Dans la recherche de la perfection du magistrat, le Toulousain pose le
problème du savoir en termes d'utilité. Que doit savoir l'impétrant à un office de
judicature, comment peut-il être efficace dans sa fonction? Ces questions sont
posées, au même moment et dans les mêmes termes, pour le clergé de la
Contre-Réforme53 : «pour avoir un évêque à son souhait», écrit Richelieu, «il
le faudrait savant, plein de piété, de zèle et de bonne naissance » 54.

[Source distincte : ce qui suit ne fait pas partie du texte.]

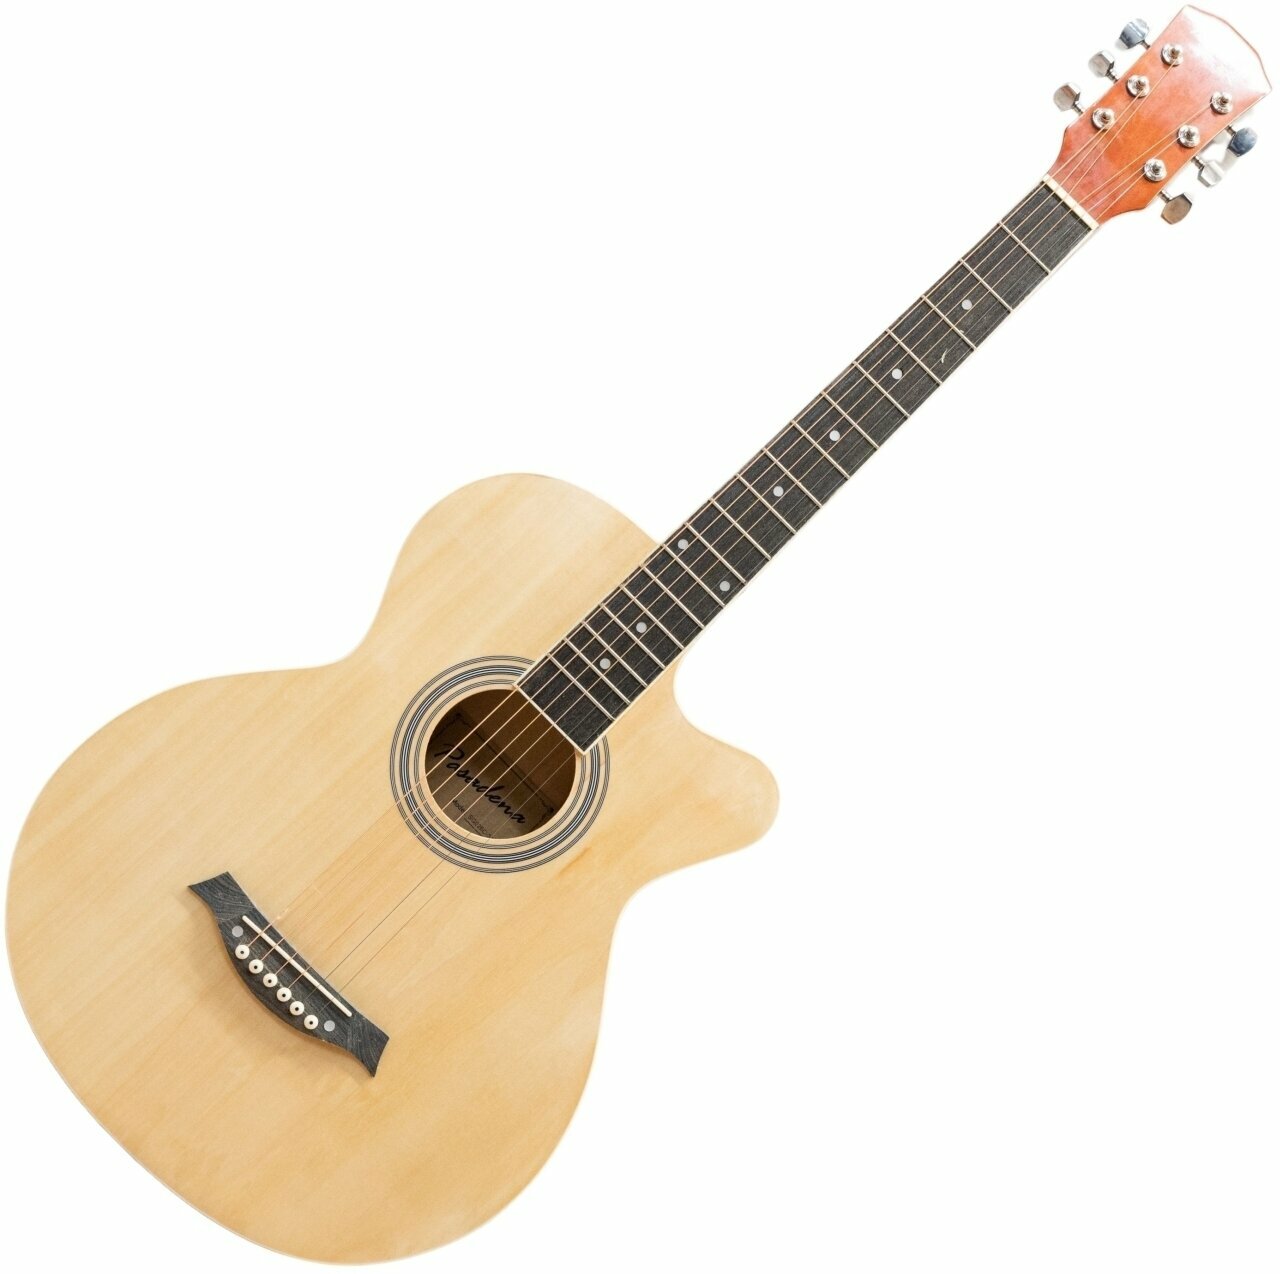 Jumbo akoestische gitaar Pasadena SG026C Natural
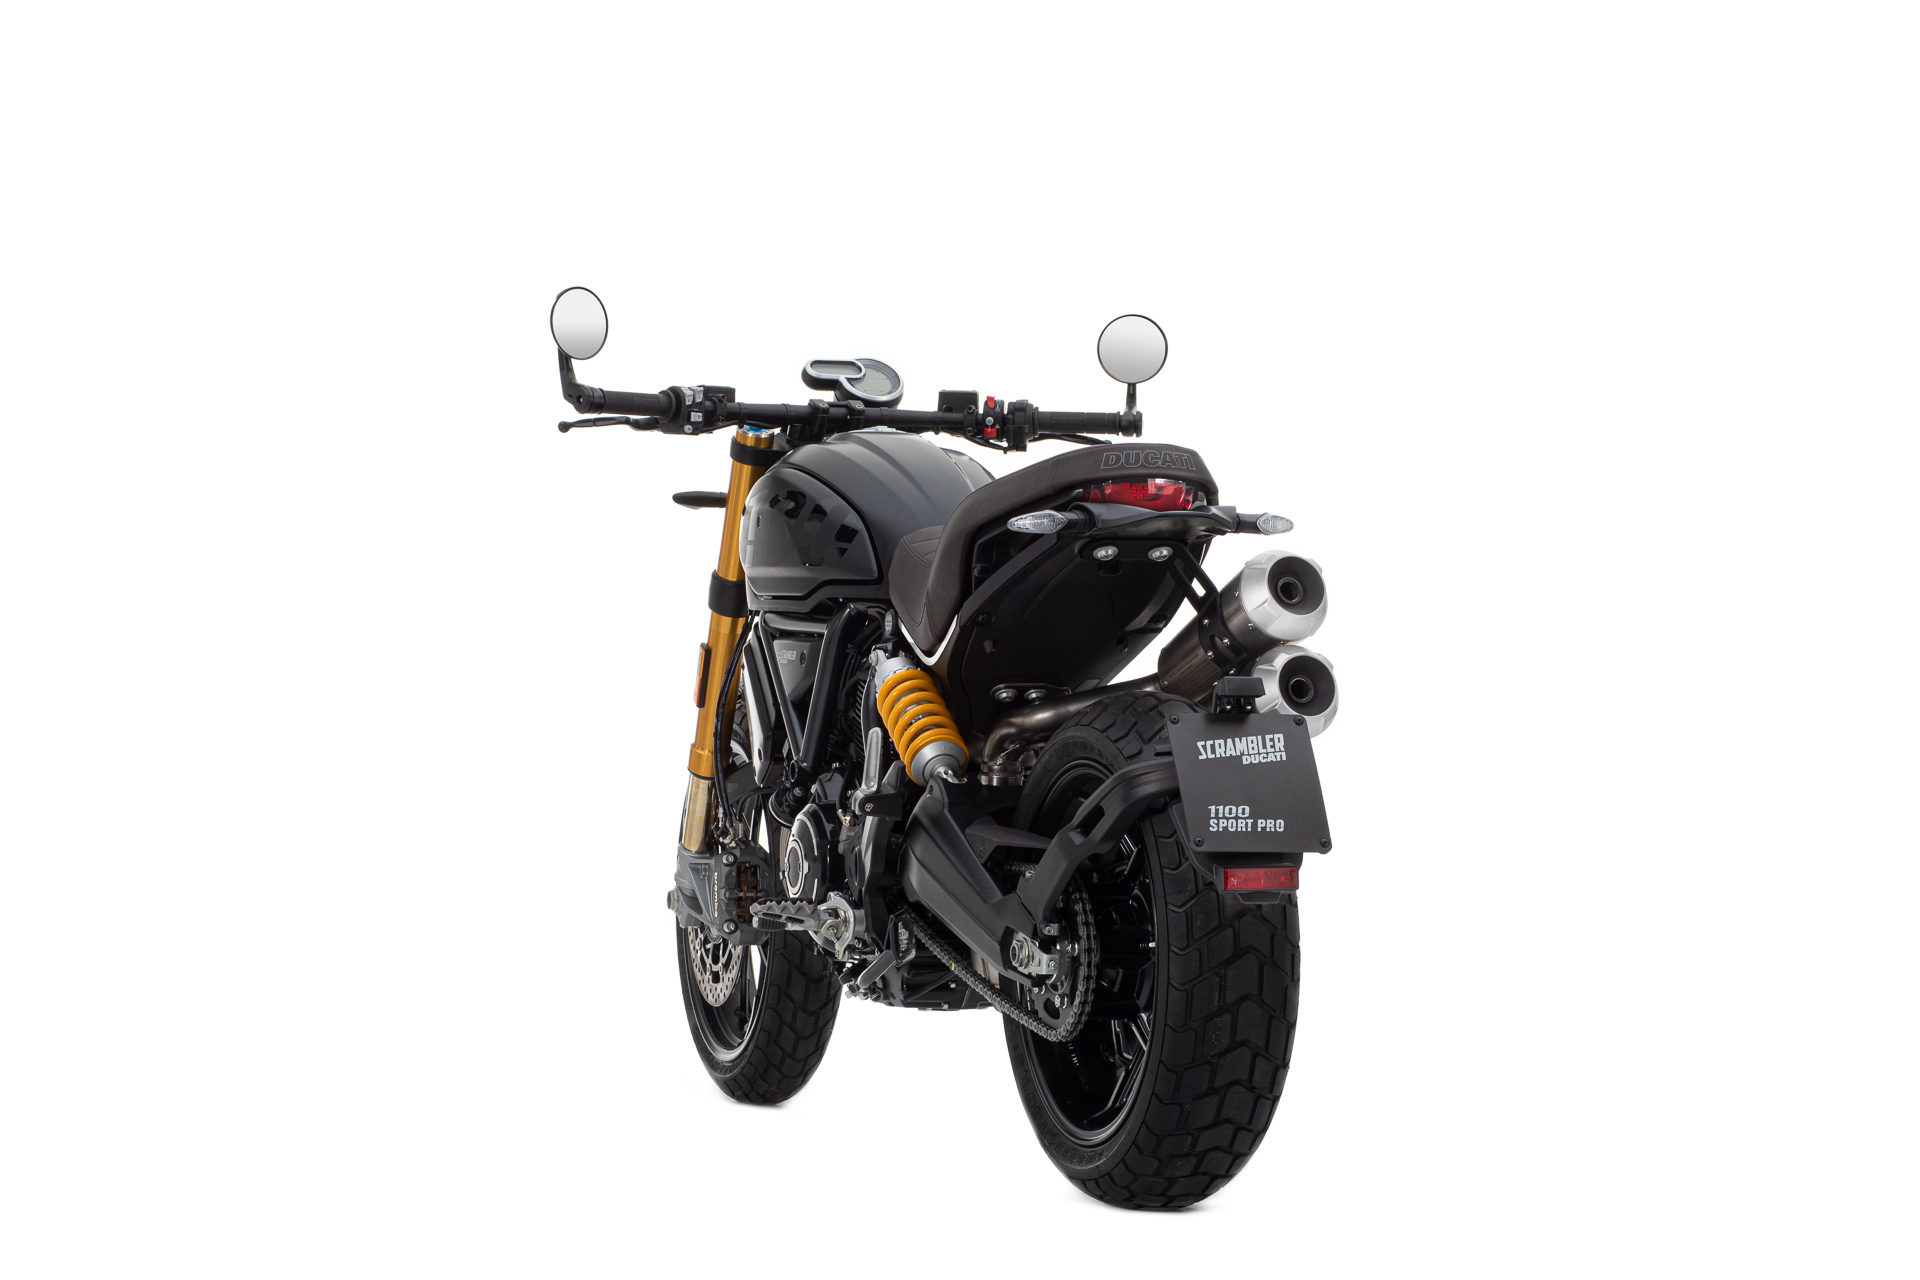 Ducati Scrambler 1100 Pro y 110 Sport Pro: ¡más café racer!

Comparable aux évêques, puisqu'il officie sur le temple de la justice, le magistrat
doit être un véritable spécialiste de la science et de la pratique juridique. Les
œuvres de Bernard de La Roche Flavin répondent à ce double souci. Les arts
libéraux sont passés en revue, d'où il ressort que seules la science juridique,
l'histoire et la science politique, «mère des disciplines» sont nécessaires au
magistrat. La poésie, la théologie scolastique, la médecine, la philosophie, la
langue grecque, l'astrologie, la géométrie, la peinture, la musique et l'alchimie
sont inutiles. Si le latin est nécessaire pour apprendre le droit, nul besoin de
l'apprendre chez les orateurs car «les jurisconsultes les ont surpassés, à bien,
nettement, purement, concisement et judicieusement parler; sans fard, ni fast,
ou ostentation et superfluité, comme a fait Ciceron»55.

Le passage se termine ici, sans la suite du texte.